Juszczenko wzywa do Rosji, by nie wtrącała się w ukraińskie sprawy
Prezydent Juszczenko powiedział, że jeśli Ukraina nie powtórzy drogi Polski, Bułgarii, Łotwy i innych krajów Europy Wschodniej i nie dołączy się do europejskiego modelu bezpieczeństwa, to będzie miała "trudną przyszłość".
W wywiadzie dla agencji Bloomberg w przeddzień podróży do USA Juszczenko uznał, że Europa nie przysłuchuje się do dążeń Ukrainy wobec wstępu do NATO i oświadczył, że Europa musi "nauczyć się mówić jednym głosem" w sprawach bezpieczeństwa, zauważywszy, że przyłączenie Ukrainy do europejskiego systemu bezpieczeństwa byłoby pożyteczne dla Europy.
Przypomniawszy o konflikcie z Gruzją w sierpniu zeszłego roku, Juszczenko zaopiniował, że podobne rzeczy mogą stać się z jakimkolwiek krajem, powiedziawszy, że Europa stała się bardziej niestabilna i ostrzegł przed stworzeniem nowej żelaznej kurtyny w Europie.
Prezydent Juszczenko wezwał do Rosji, by nie wtrącała się w ukraińskie sprawy w przeddzień wyborów: "Mniej ingerencji w ukraińskie sprawy.
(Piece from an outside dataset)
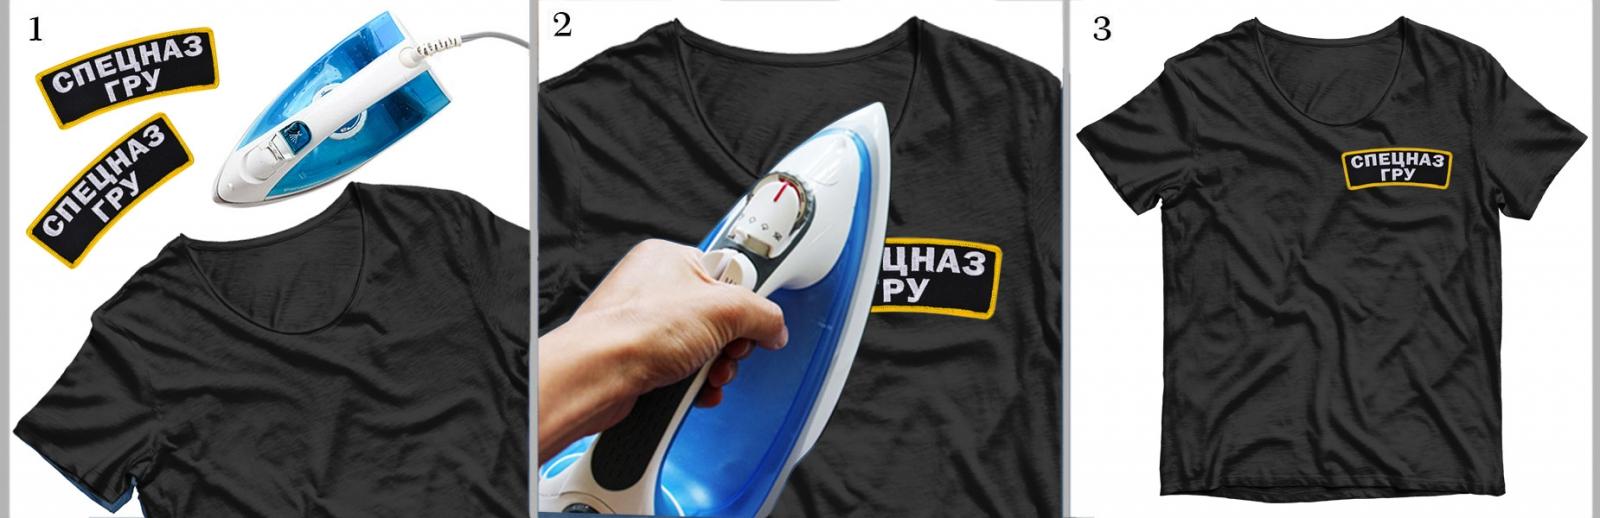 """Термонашивка """"Спецназ ГРУ"""" на футболке"""

Mam na uwadze naszego drogiego sąsiada - Rosję! Chciałbym, żeby liderzy tego kraju mieli szacunek dla prawa Ukraińców do wybrania tego, kto będzie kierował Ukrainą. Nie potrzebujemy rady”.
Jednocześnie, zdaniem prezydenta Juszczenki, Rosja nie będzie miała "takiego dużego" wpływu na prezydenckie wybory nie dlatego, że ma "mniej zamiarów", a dlatego że Ukraina "stała się bardziej niezależna".
Według słów prezydenta, nie oznacza to, że część społeczeństwa nie będzie orientować się na nowiny rosyjskich mediów, "zorientowanych na pewnych kandydatów", ale to znaczy, że "samodzielność naszego narodu wzrosła".
Prezydent Juszczenko uważa stosunki Ukrainy z Rosją za skomplikowane, jednak zauważył, że nie były one łatwiejsze 10 lat temu, przypomniawszy o konflikcie wokół Tuzły i statusie Sewastopola. On zaprzeczył, że stosunki z Rosją pogorszyły się w ciągu ostatnich 4 lat.